Freya is also said to be the goddess of love, sex, beauty, fertility, gold & seiðr (Magic). In this world, God’s survive on Man’s belief’s. (Author actually uses Jesus Christ as an example of someone who grew out of mankind's belief that he exists.) The more humans dream of her and believe in her, the more strength she gathers. "Faith is one of the few things in the world that's harder to destroy than create."

Then one day, she receives a visitor. A visitor who seems to know exactly who she is. Mr. Garen, it seems, represents an organization that deals with deities. Sara finds help in the form of Nathan Kence, a new intern at Inward who she talks in to helping her escape. The two find themselves intertwined throughout this story from being on the run at Walt Disney World, to being captured by Garen and given a choice. Join us, or die.

While at the Orlando facility of Finemdi, Sara learns of a world spanning conspiracy with deep implications for her kind. The company's goal is to eliminate every single deity on the planet whether they be dangerous, or whether they have faded from the public eye like Sara. Sara finds a few allies in Hawaiian deities Hi'iaka, Namalea, & Pele (Fire Goddess of fire, lightning, wind and volcanoes and the creator of the Hawaiian Islands.) She also encounters 
someone from her own past, Sekhmet.

Sara is a curious character. She is powerful, after all, who could stay alive for a thousand years if she was weak? But, she's Ok with letting the world get on without her. She's Ok with just being herself. She is also willing to use her powers of persuasion to get what she wants, including clothes, driver licenses, money, and a job at Disney World where she becomes someone people believe in. I didn't care for that version of Sara. 
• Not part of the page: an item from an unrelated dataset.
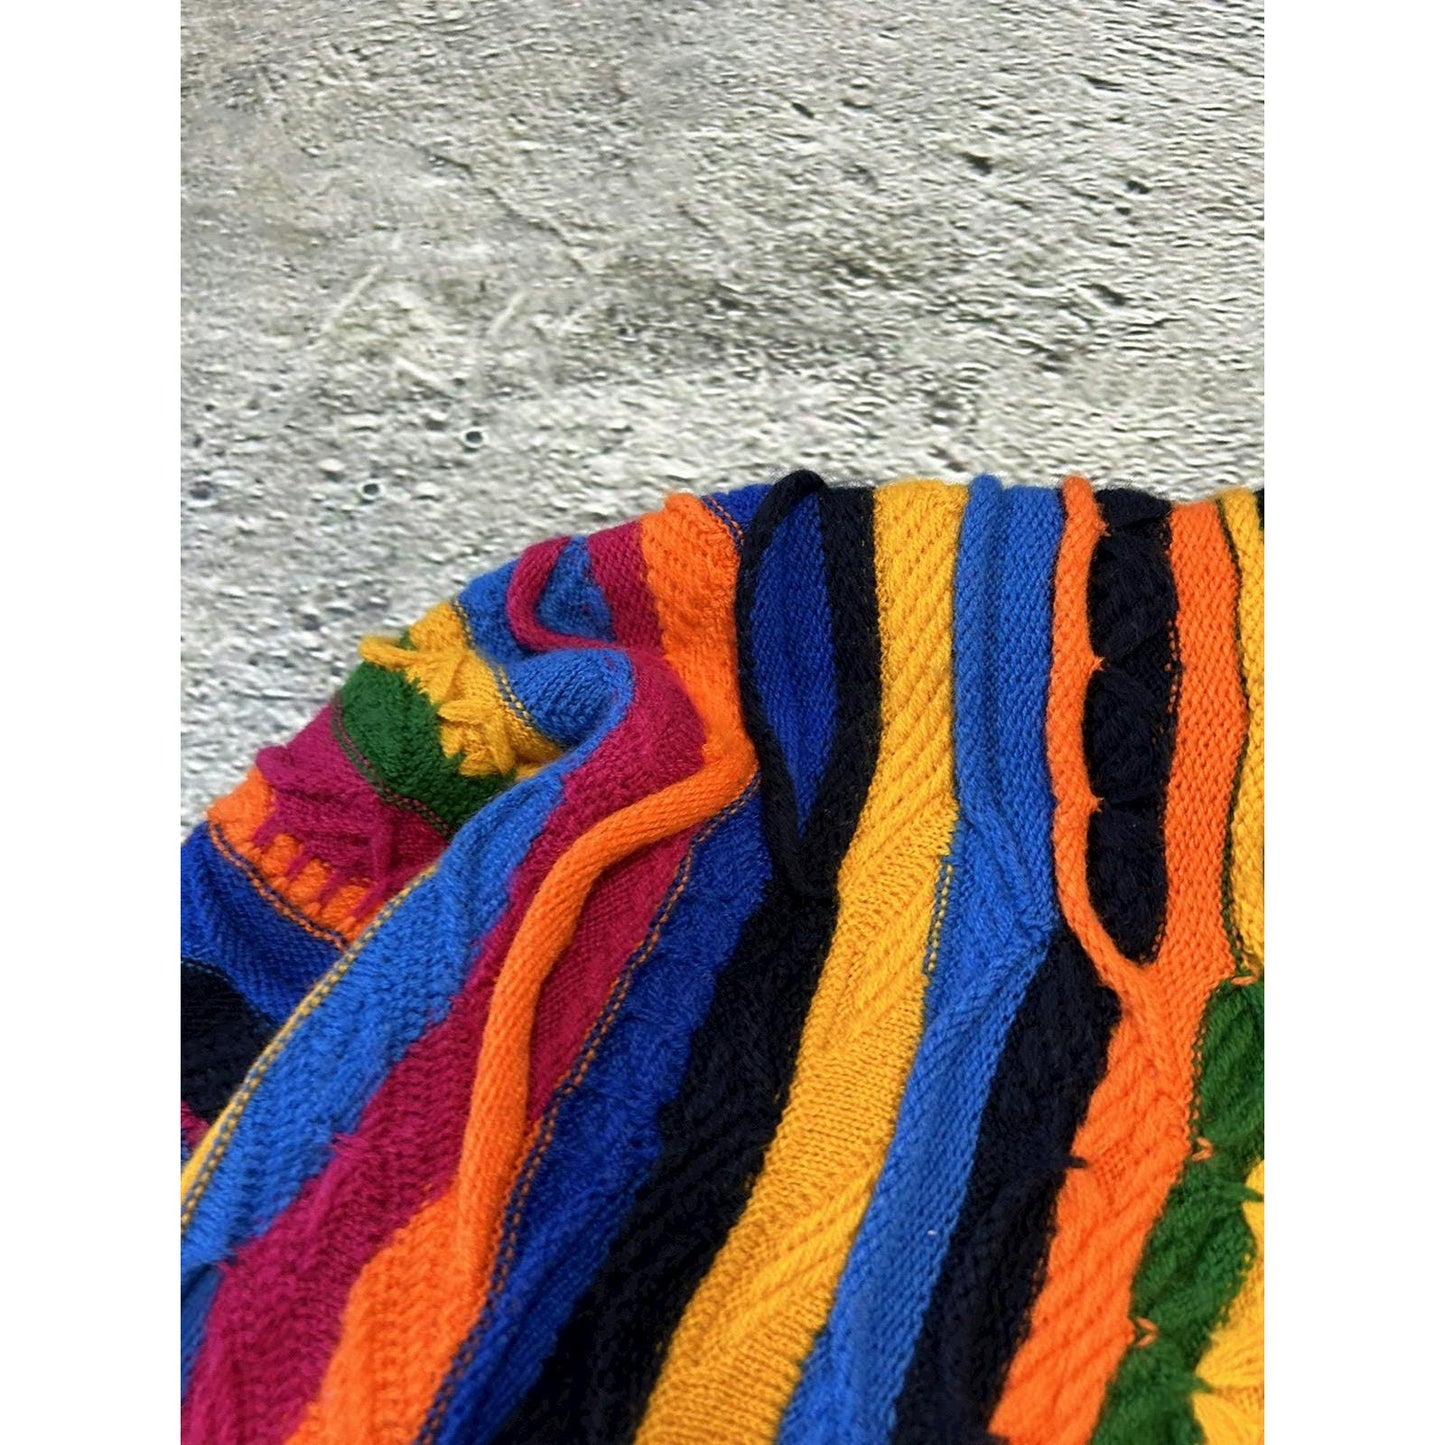 Coogi sweater vintage multicolor cable knit red orange blue

I did care for the one who united friendly Gods to her cause, and took action to save others from being enslaved by the evil corporation with long reaches everywhere. I would never dare presume anything when it comes to Sara and Nathan's relationship. Is it sexual in nature? No. It is God/Priest? Yes. Is it one where Nathan is her side kick and she is the overlord? One can only guess.